*ACTION ITEM*
The copy you return must match the listing word for word and carry no pictures.
____ SUPPLIED DATA
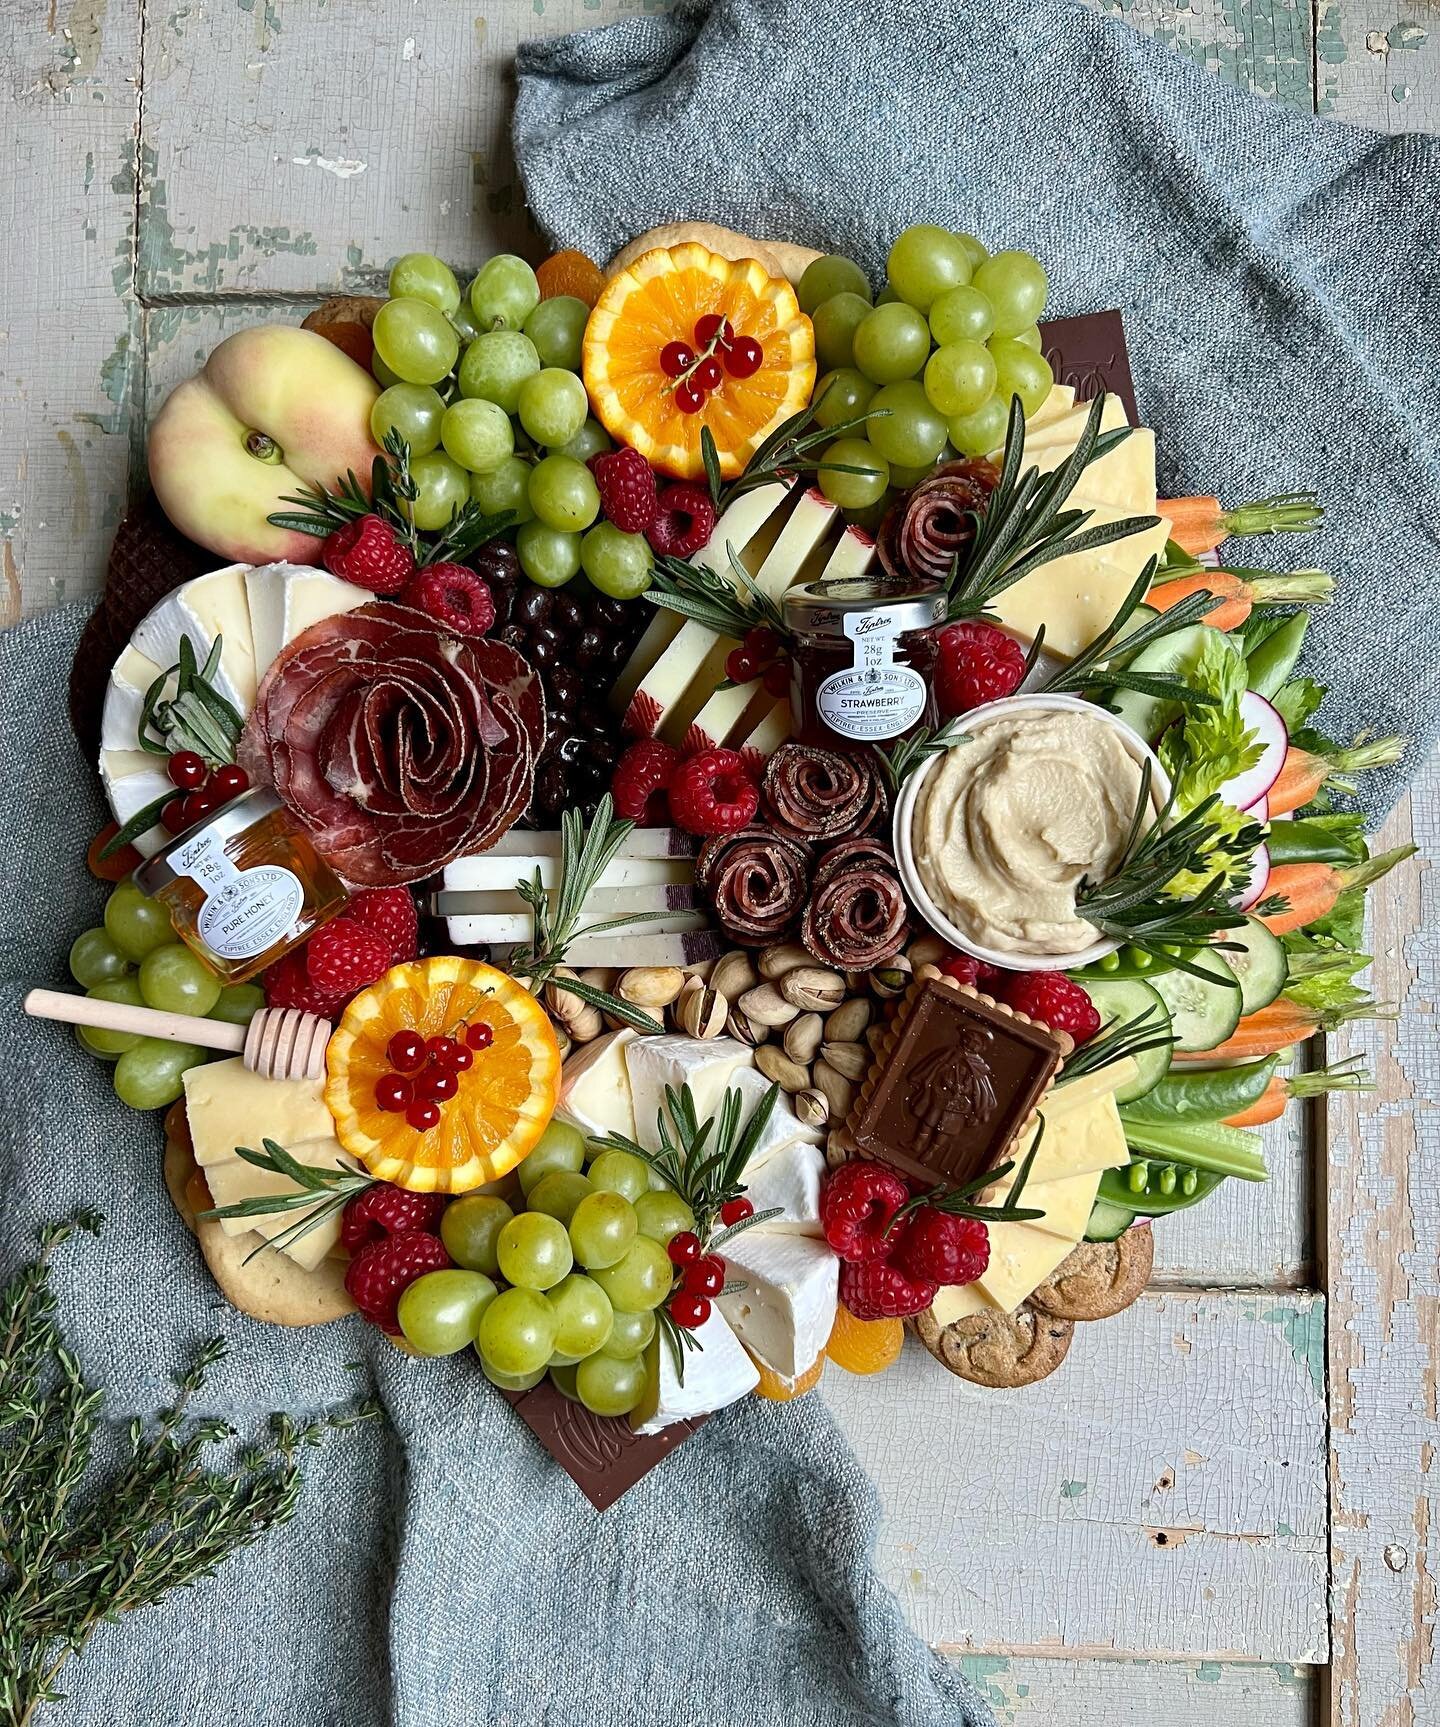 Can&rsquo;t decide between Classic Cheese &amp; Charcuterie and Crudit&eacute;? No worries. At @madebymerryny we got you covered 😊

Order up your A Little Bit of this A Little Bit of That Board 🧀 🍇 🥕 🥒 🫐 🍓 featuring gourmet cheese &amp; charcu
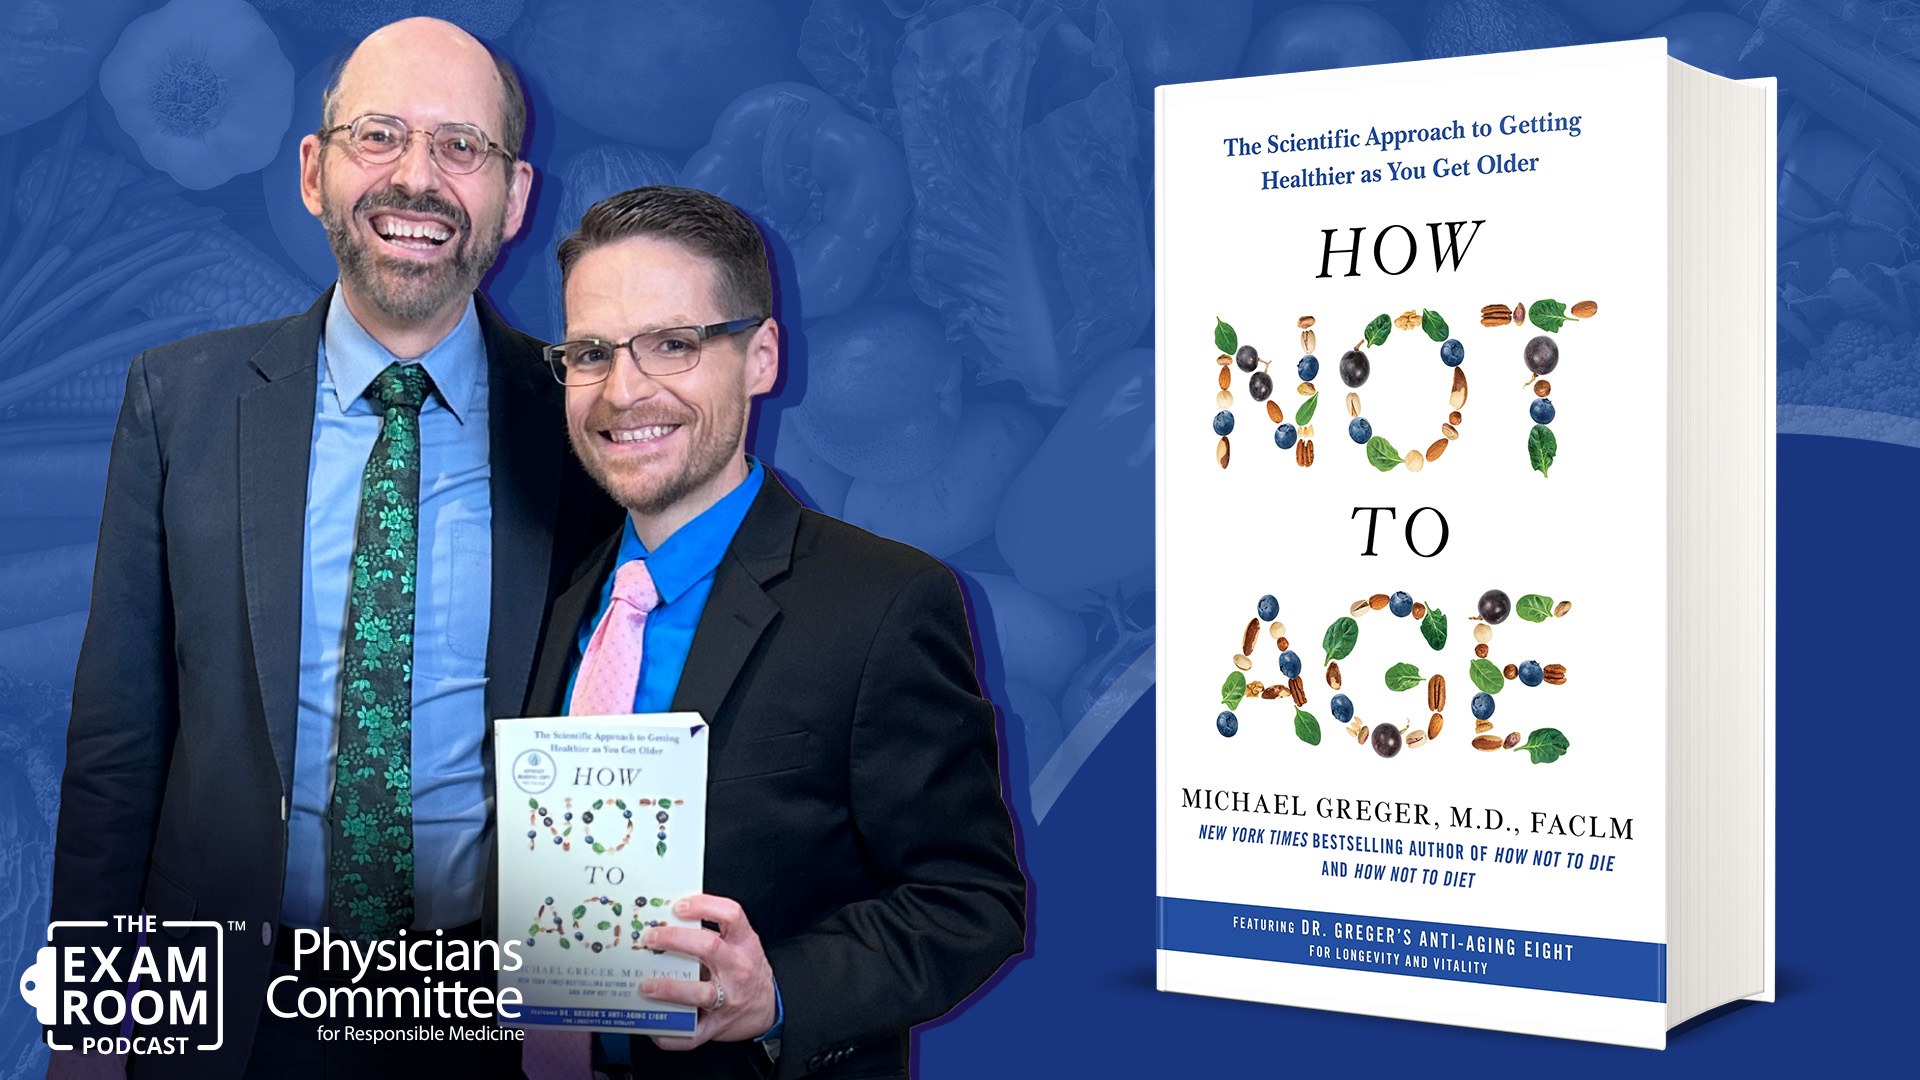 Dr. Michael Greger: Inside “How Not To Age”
________
*EXERCISE ANSWER*
 Can&rsquo;t decide between Classic Cheese &amp; Charcuterie and Crudit&eacute;? No worries. At @madebymerryny we got you covered 😊

Order up your A Little Bit of this A Little Bit of That Board 🧀 🍇 🥕 🥒 🫐 🍓 featuring gourmet cheese &amp; charcu
 Dr. Michael Greger: Inside “How Not To Age”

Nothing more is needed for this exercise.